What happens to the body when there is an acute myocardial infarction (MI)?

From the Guidelines

When an acute myocardial infarction (MI) occurs, the body experiences an acute imbalance in myocardial oxygen demand and supply, leading to myocardial cell necrosis and infarction due to the occlusion of the coronary artery by a "plaque + superimposed thrombus complex". This imbalance is caused by coronary heart disease with atherosclerotic plaque disruption and superimposed platelet-rich thrombus formation, as described in the 2017 AHA/ACC clinical performance and quality measures for adults with ST-elevation and non-ST-elevation myocardial infarction 1.

The pathophysiological mechanisms causing MI can result in either ST-elevation myocardial infarction (STEMI) or non-ST-elevation myocardial infarction (NSTEMI), depending on the degree of occlusion of the coronary artery. STEMI usually presents with persistent ST-elevation on the ECG, while NSTEMI is characterized by the absence of persistent ST elevation on ECG, but rather the presence of ST depression, T-wave inversion, or other nonspecific changes.

Key points to consider in the management of acute MI include:

• The importance of prompt administration of aspirin to inhibit platelet aggregation, with a loading dose of 162 to 325 mg of non–enteric-coated aspirin formulation, followed by an 81-mg daily dose to minimize bleeding risk 1
• The need for timely restoration of blood flow to limit the extent of tissue damage, which can be achieved through treatments like thrombolytics or percutaneous interventions
• The potential consequences of acute MI, including heart failure and neurological deficits, depending on the severity and location of the infarct.

In terms of treatment, aspirin therapy administered within the first 24 h after acute STEMI has been shown to result in a 23% relative risk reduction in 5-week vascular mortality, as well as significant reductions in the incidence of non-fatal reinfarction and stroke 1. Overall, the management of acute MI requires a comprehensive approach that takes into account the underlying pathophysiological mechanisms, as well as the need for prompt and effective treatment to minimize morbidity and mortality.

From the FDA Drug Label

Alteplase is an enzyme (serine protease) that has the property of fibrin-enhanced conversion of plasminogen to plasmin. It produces limited conversion of plasminogen in the absence of fibrin. Alteplase binds to fibrin in a thrombus and converts the entrapped plasminogen to plasmin, thereby initiating local fibrinolysis (1) In patients with acute myocardial infarction administered 100 mg of Activase as an accelerated intravenous infusion over 90 minutes, plasma clearance occurred with an initial half‑life of less than 5 minutes and a terminal half‑life of 72 minutes.

The body experiences local fibrinolysis when there is an acute myocardial infarction (MI) and alteplase is administered, as it binds to fibrin in the thrombus and converts plasminogen to plasmin.

• The plasma clearance of alteplase occurs with an initial half-life of less than 5 minutes and a terminal half-life of 72 minutes in patients with acute MI 2.
• The mechanism of action of alteplase involves the conversion of plasminogen to plasmin, thereby initiating local fibrinolysis.

From the Research

Pathophysiology of Acute Myocardial Infarction (MI)

When there is an acute myocardial infarction (MI), the body's response is complex and involves multiple systems.
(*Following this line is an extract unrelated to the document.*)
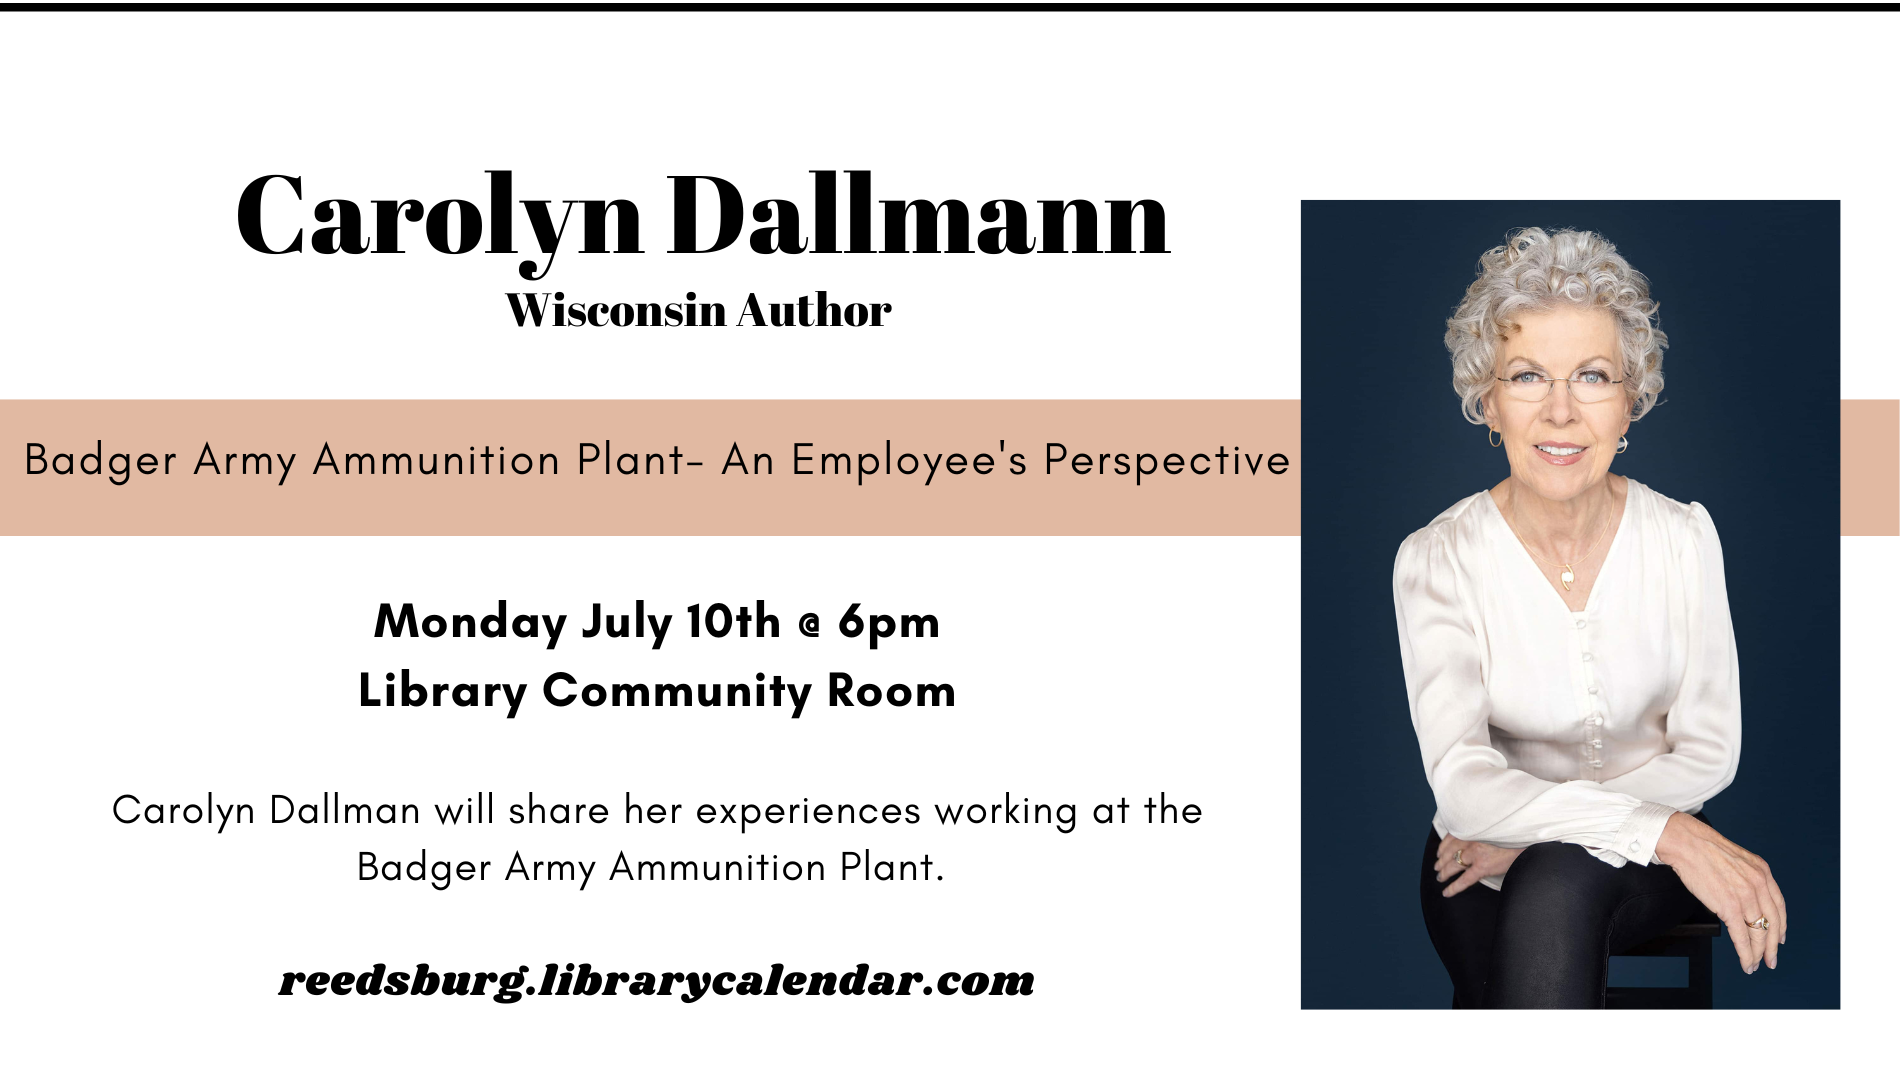 Carolyn Dallmann presents: The Badger Army Ammunition Plant: An Employee's Perspective on July 10th at 6pm.

• The heart muscle is damaged due to a lack of blood flow, leading to cell death and tissue damage 3.
• The damage to the heart muscle can lead to a range of complications, including arrhythmias, heart failure, and even death.

Treatment and Management of Acute MI

The treatment and management of acute MI typically involve a combination of medications and interventions, including:

• Antiplatelet agents, such as aspirin and clopidogrel, to prevent further clotting 4, 5, 6.
• Beta-blockers to reduce the workload on the heart and prevent arrhythmias 4, 5, 6.
• Statins to lower cholesterol levels and reduce the risk of further heart disease 4, 5, 7, 6.
• Angiotensin-converting enzyme (ACE) inhibitors to reduce blood pressure and prevent further damage to the heart 4, 5, 7, 6.
• Reperfusion strategies, such as percutaneous coronary intervention (PCI) or fibrinolysis, to restore blood flow to the affected area of the heart 3.

Importance of Secondary Prevention

Secondary prevention is critical in reducing the risk of further heart disease and improving outcomes after an acute MI.

• Studies have shown that combination therapy with aspirin, an ACE inhibitor, and a statin can reduce 1-year mortality after acute MI 7.
• Patient education and adherence to medication regimens are essential in improving treatment persistence and reducing the risk of further complications 4.